With targeted metabarcoding, you ask questions you already know to ask. With shotgun sequencing, you collect answers to questions you haven’t yet thought of. The data you gather today could be re-analyzed in five years with better reference genomes or better analytical tools to reveal things you couldn’t see on the first pass. The air, in a sense, becomes a continuously updated archive.
Consider disease surveillance. Currently, respiratory pathogen monitoring involves targeted PCR tests for known viruses — influenza, SARS-CoV-2, respiratory syncytial virus. Shotgun sequencing of air filters would detect all of these plus any novel pathogen with a genome in its makeup. During the early weeks of the COVID-19 pandemic, such a system might have flagged the new coronavirus circulating in Wuhan air before the first patient was identified. This is not speculation — retrospective analysis has shown that wastewater sequencing, a similar approach in water, was detecting SARS-CoV-2 in municipal sewage before case counts were rising sharply.
Consider endangered species monitoring. The current gold standard involves camera traps, spotting scopes, tracking collars, scat analysis — all labor-intensive and costly. Airborne eDNA, processed by a compact device and cloud-based software (which Duffy’s team demonstrated can be accomplished by a single researcher in under a day), could deliver a species list for a whole ecosystem from a handful of air filter cartridges.
Consider invasive species early detection. Non-native species often spread invisibly for years before being noticed. Airborne eDNA surveillance could detect an invasive insect, plant, or pathogen from the genetic signal it leaves in the air before its population grows large enough to see with human eyes.
And consider conservation genetics. Tracking whether a small, isolated population of a rare cat or wolf is losing genetic diversity — a key indicator of extinction risk — typically requires trapping animals and drawing blood. That process stresses the animals, is expensive, and is impossible at scale. If the information you need is floating in the air, the calculus changes fundamentally.
The Privacy Question
The technology is not without complications, and Duffy’s team is admirably direct about one of them. Shotgun sequencing of air captures human DNA alongside everything else. In Dublin, that signal was almost certainly there — human skin cells, hair fragments, exhalation, all shedding genetic material into the urban air.
That raises serious questions. Could an outdoor air monitor be used to identify specific individuals? Could genetic information collected without consent from public spaces be used in ways that people would not sanction — forensic investigations, genetic surveillance, or commercial profiling?
Duffy and his co-authors have called explicitly for ethical guardrails for this rapidly developing field. These guardrails do not yet exist in a robust legal form. As the technology spreads — and it will, because it’s inexpensive, fast, and powerful — the conversation about its limits will need to catch up quickly.

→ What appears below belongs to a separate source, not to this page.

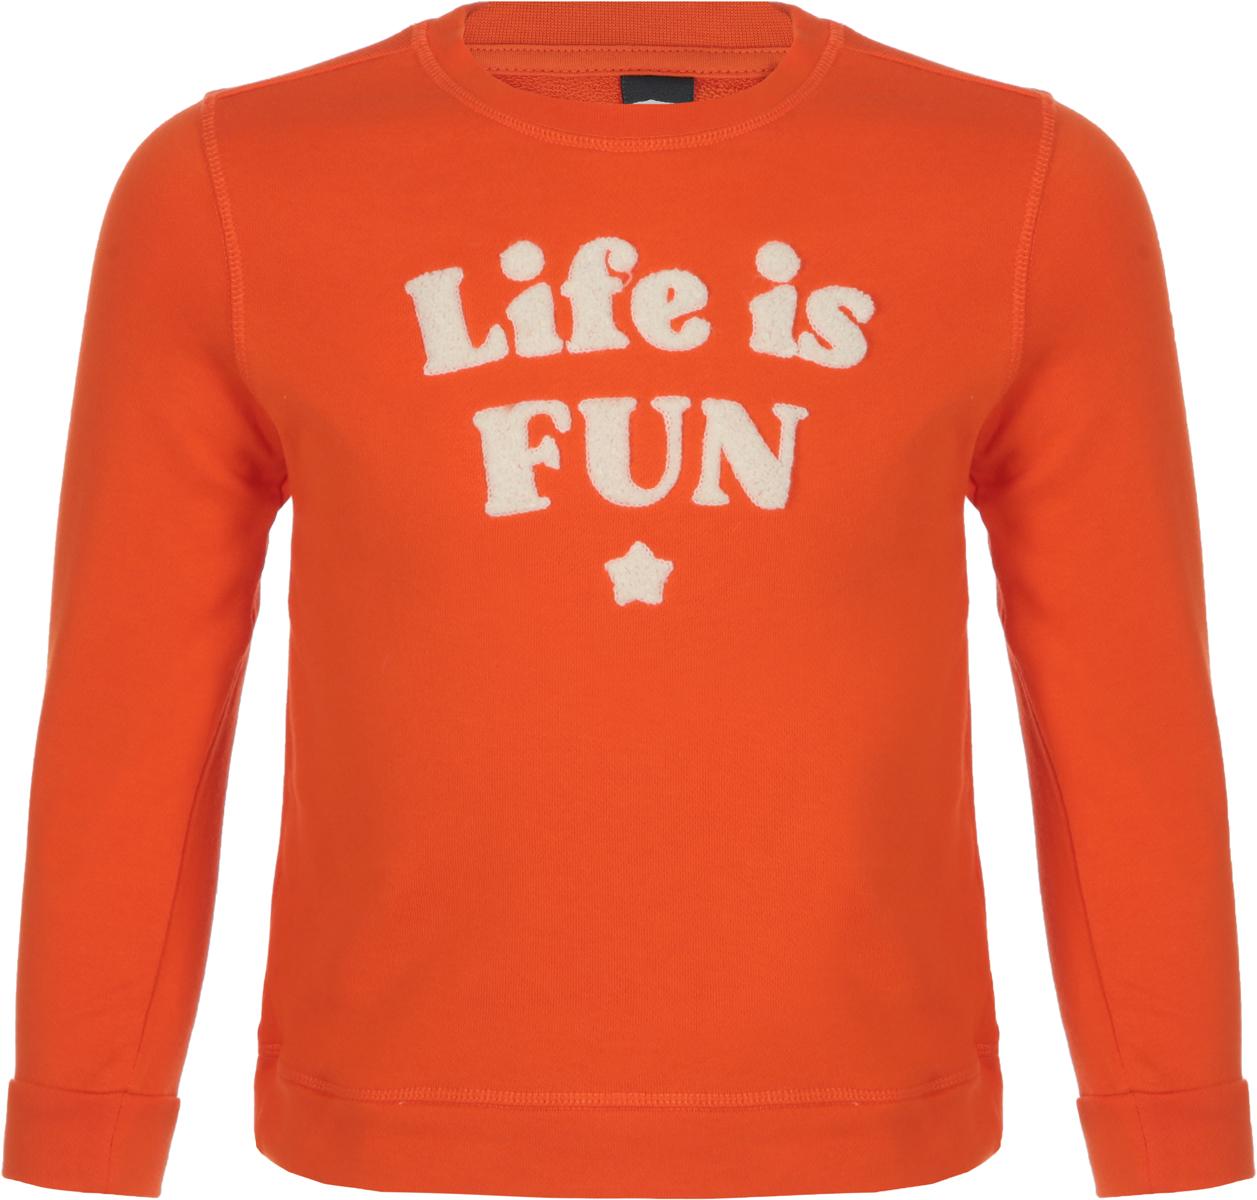 Джемпер для мальчика Sela, цвет: оранжевый. St-713/094-8112. Размер 116St-713/094-8112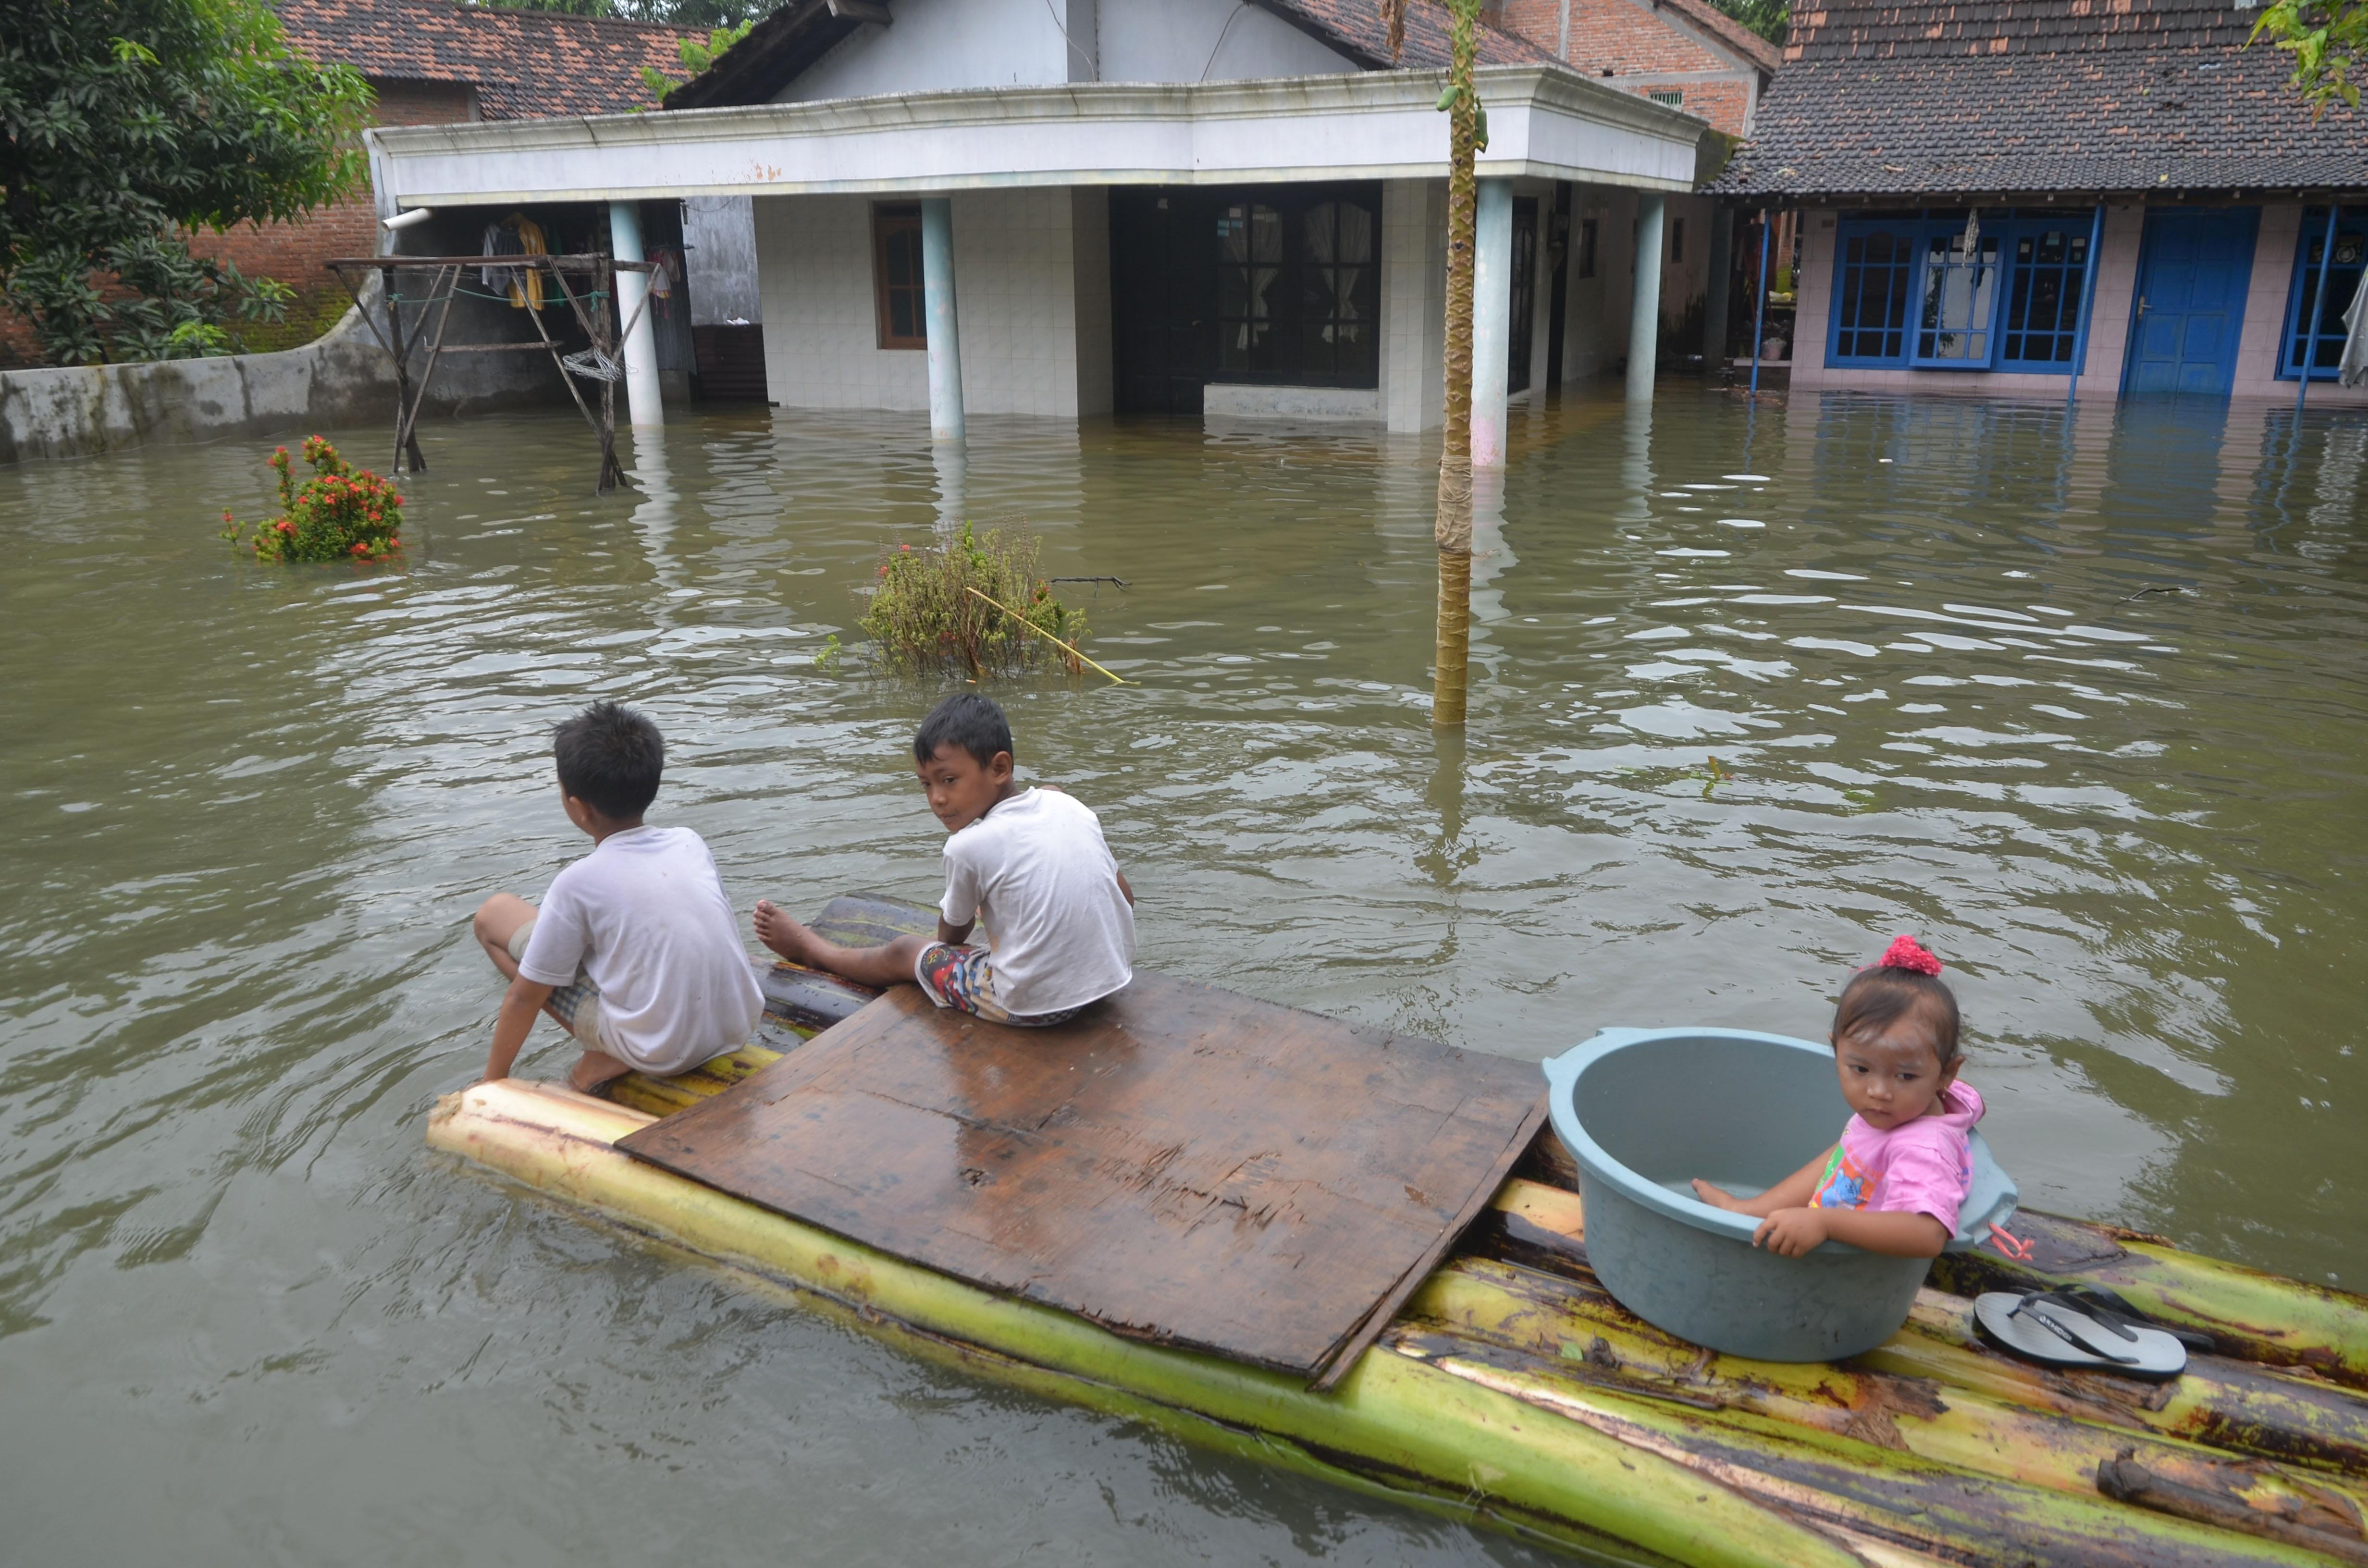 Anak-anak dengan menggunakan rakit batang pisang melewati jalan yang tergenang banjir di Desa Jati Wetan, Kudus, Jawa Tengah, pada 9 Februari 2017. Foto oleh Yusuf Nugroho/Antara

There is something philosophically disquieting, too, about the idea that privacy increasingly cannot be assumed in outdoor space. That the simple act of walking through a city leaves a genetic trace in the air that persists, at least briefly, in readable form. It is the kind of disquiet worth sitting with, not to block the science, but to make sure the norms we build around it match the world we want to live in.
From Sea Turtles to the Sky
What I find quietly wonderful about this story is its origin. Duffy’s lab didn’t set out to revolutionize biodiversity monitoring. They were studying sea turtle genetics — trying to understand the population structure of these ancient, beautiful, threatened animals by reading DNA from water, sand, and soil around their nesting beaches. In developing better methods for extracting genetic information from environmental samples, they kept pushing the technique further.
Sea turtles taught them to listen to the world in a new way. And then they pointed that new listening at the air.
“The level of information that’s available in environmental DNA is such that we’re only starting to consider what the potential applications can be,” Duffy said. “From humans, to wildlife to other species that have implications for human health.”
This is how science so often works: a method developed for one narrow purpose turns out to be a key that opens completely different doors. The air around us has been carrying the story of the living world since there has been air. We just built the machine to read it.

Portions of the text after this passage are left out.